Marre de tomber dans le piège des restaurants attrape-touristes ? Vous n’êtes pas seul. On a tous déjà vécu ce moment : après de longues recherches en ligne, vous vous retrouvez attablé dans un resto où tout semble faux… décor surjoué, carte interminable, cuisine fade. Pourtant, il existe une astuce ultra simple pour repérer les bonnes adresses en un seul coup d’œil. Et selon un expert de renom, elle ne rate jamais sa cible.
Ce que dit l’ex-directeur du Guide Michelin
Michael Ellis, ancien directeur du prestigieux Guide Michelin, connaît les ficelles du métier sur le bout des doigts. Interrogé dans un podcast culinaire, il livre un conseil aussi évident qu’ingénieux : vérifiez s’il y a une ardoise à l’entrée du restaurant.
Vous savez, cette bonne vieille ardoise avec le menu écrit à la craie. Elle cache en réalité bien plus qu’on ne le pense. En effet, selon lui, c’est le signal le plus fiable pour distinguer une adresse authentique d’un simple attrape-touristes.
Pourquoi l’ardoise est un bon indice ?
Une ardoise indique souvent :
- Un menu court — preuve que le cuisinier se concentre sur quelques plats bien maîtrisés.
- Des plats de saison — le menu change régulièrement, en fonction des arrivages et des produits frais.
- Une cuisine maison — loin des plats industriels ou pré-assemblés.
En résumé : qui dit ardoise, dit souplesse, fraîcheur et savoir-faire. Une ardoise bien visible à l’extérieur, qui affiche le plat du jour ou les recettes du moment, respire souvent la qualité.
Ce que vous devez fuir : les cartes à rallonge
À l’inverse, Michael Ellis alerte sur les cartes trop longues. Un menu avec des dizaines de plats affichant burgers, sushis, salades composées et pizzas bretonnes ? Fuyez.
Pourquoi ? Simplement parce qu’un établissement qui propose trop de choix ne peut pas tout cuisiner maison. Il y a fort à parier qu’une grande partie des plats provient du congelé ou du prêt-à-servir industriel. Cela peut séduire les touristes pressés ou peu exigeants, mais vous, qui cherchez une expérience authentique, méritez mieux.
Les plats « bourgeois » : un autre bon indice
L’autre recommandation de l’expert : repérer la présence de plats mijotés traditionnels. Quelques exemples ?
- Le coq au vin
- Le bœuf aux carottes
- Le pot-au-feu
Ces recettes demandent du temps, du soin et une vraie technique en cuisine. Elles sont rarement préparées dans les attrape-touristes qui misent plutôt sur l’assemblage rapide et rentable.
Sans entrer, vous saurez déjà
Pas besoin de pousser la porte pour juger un restaurant.
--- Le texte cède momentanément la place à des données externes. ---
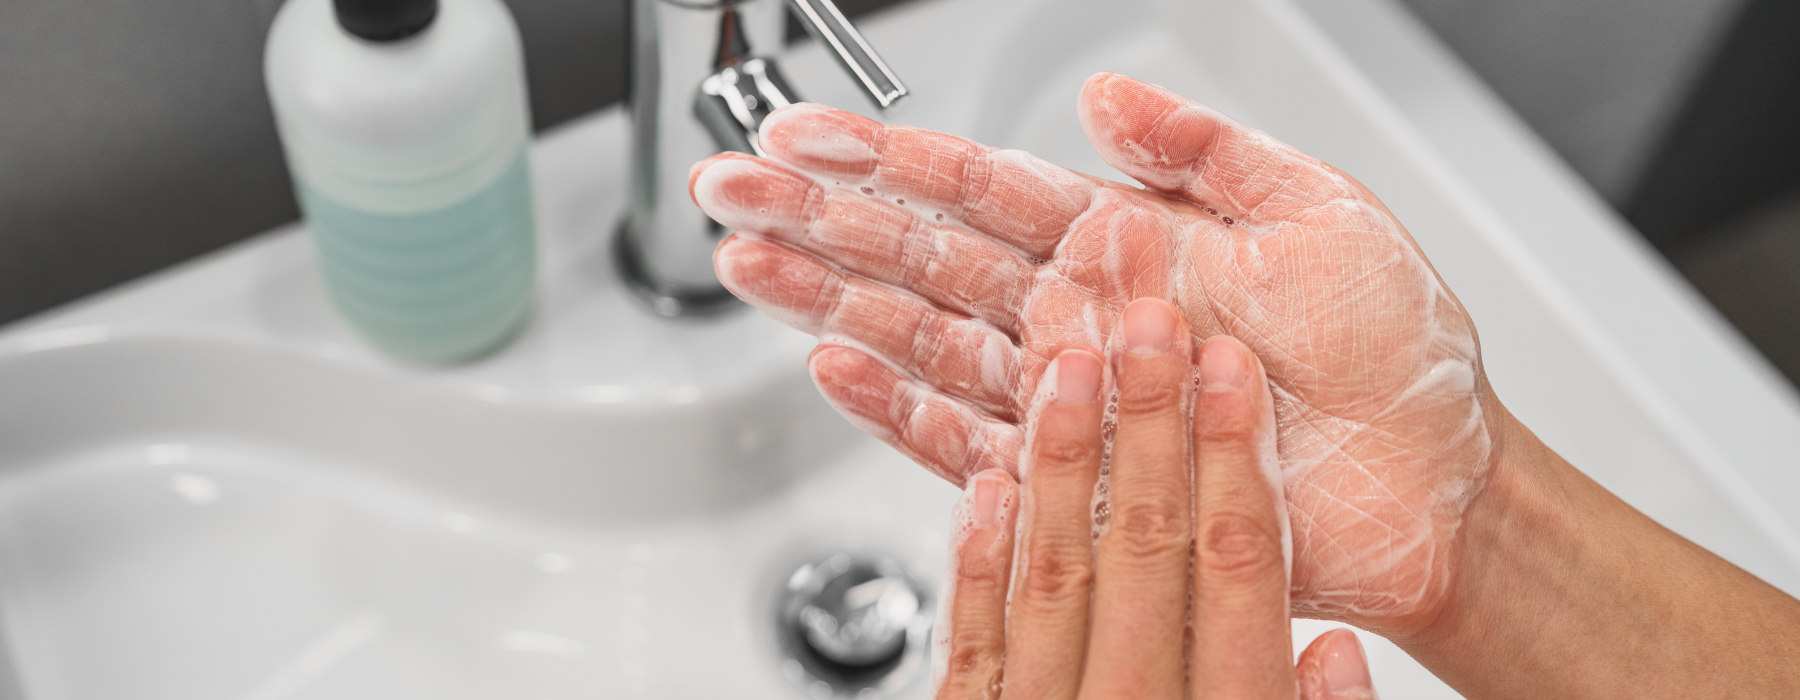 Má higienização das mãos: como evitar infecções?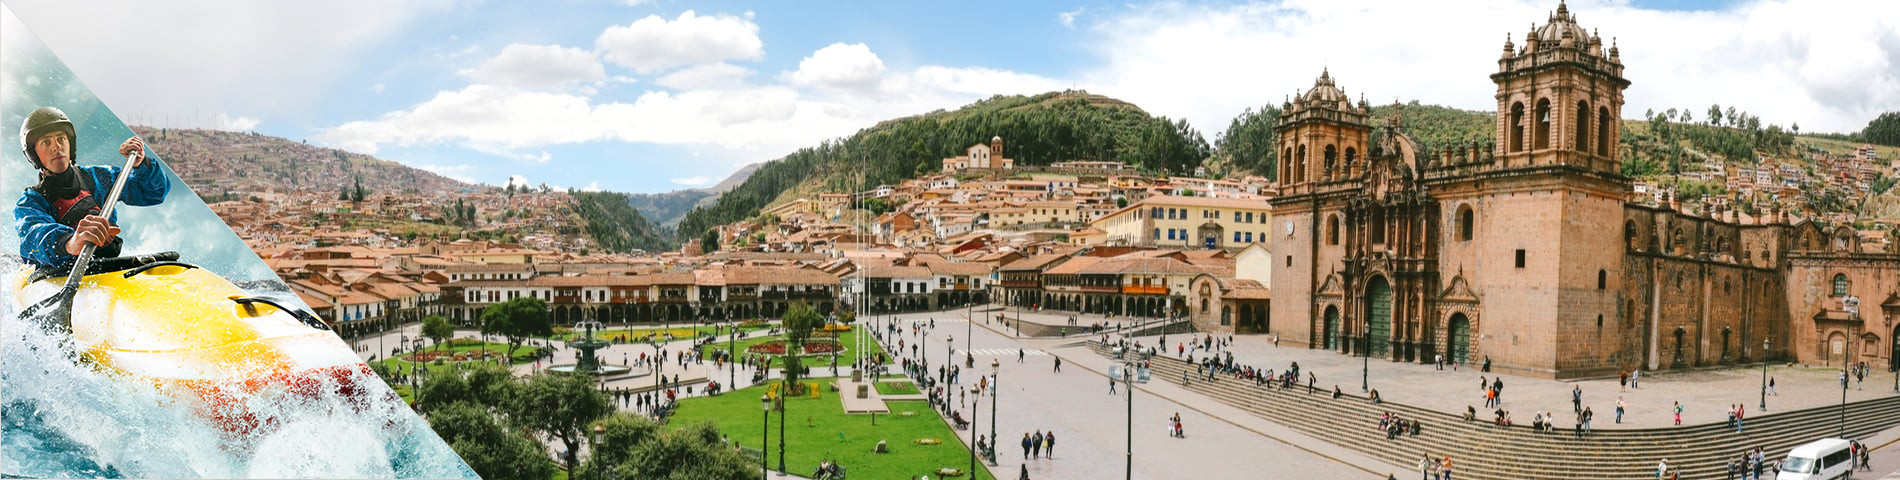 Cuzco - Espanhol & Esportes de Aventura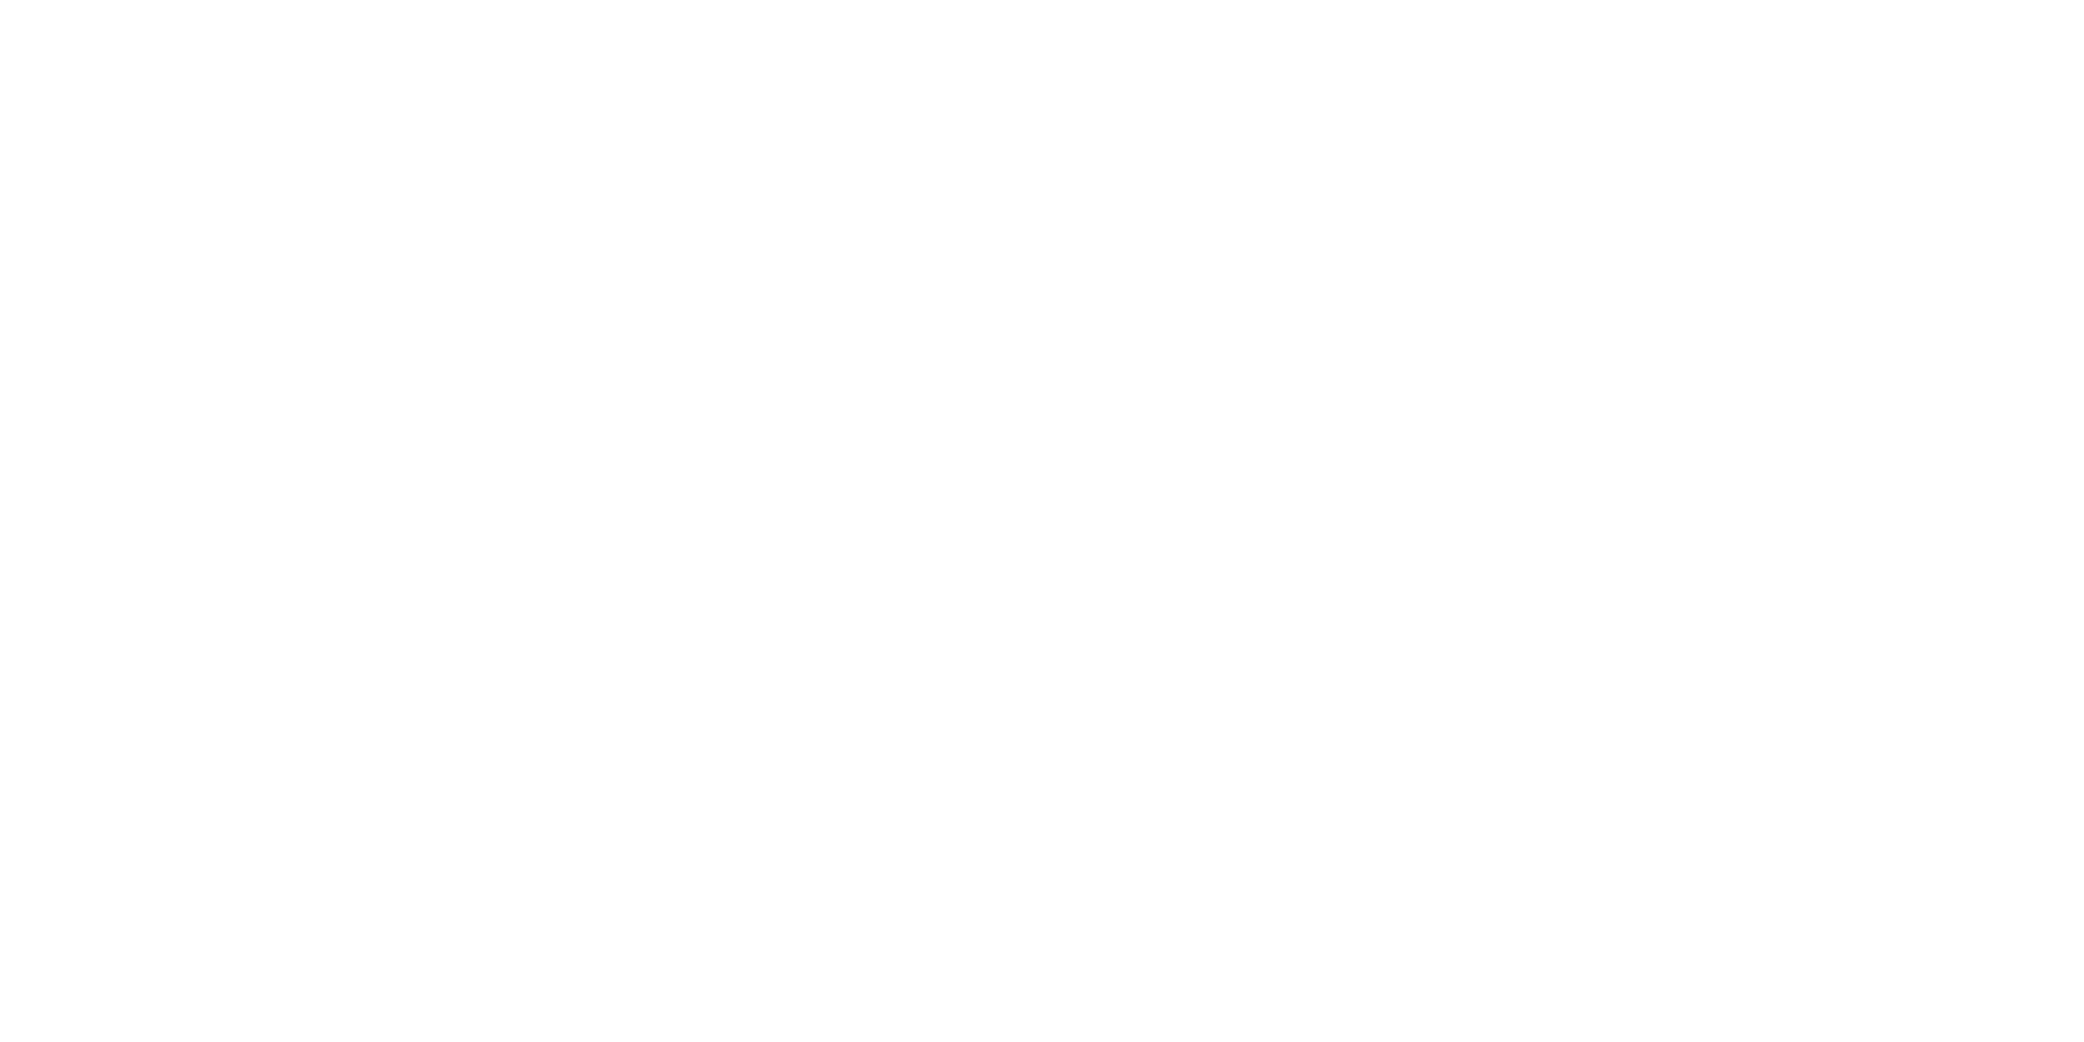 Logo WFL

Une simple observation extérieure peut vous en dire long :
- Y a-t-il une ardoise visible ? Bonne nouvelle.
- Le menu est-il court et changeant ? Encore mieux.
- Les plats mettent-ils en avant la cuisine locale ou traditionnelle ? Vous êtes sur la bonne piste.
En revanche, si vous voyez des photos plastifiées de plats, un serveur qui vous démarche dans la rue, et une carte en cinq langues… soyez méfiant.
Un dernier mot : cuisine vivante = cuisine vraie
Le cœur de l’astuce de Michael Ellis, c’est de reconnaître les restaurants qui vivent avec leur temps : ceux qui s’adaptent aux saisons, qui travaillent des produits frais, et qui aiment vraiment cuisiner.
Alors la prochaine fois que vous vous promenez dans les rues d’une ville inconnue, levez les yeux. L’ardoise, c’est votre meilleur allié contre les pièges à touristes. Et c’est aussi souvent la promesse d’un bon repas – sincère, savoureux, et mémorable.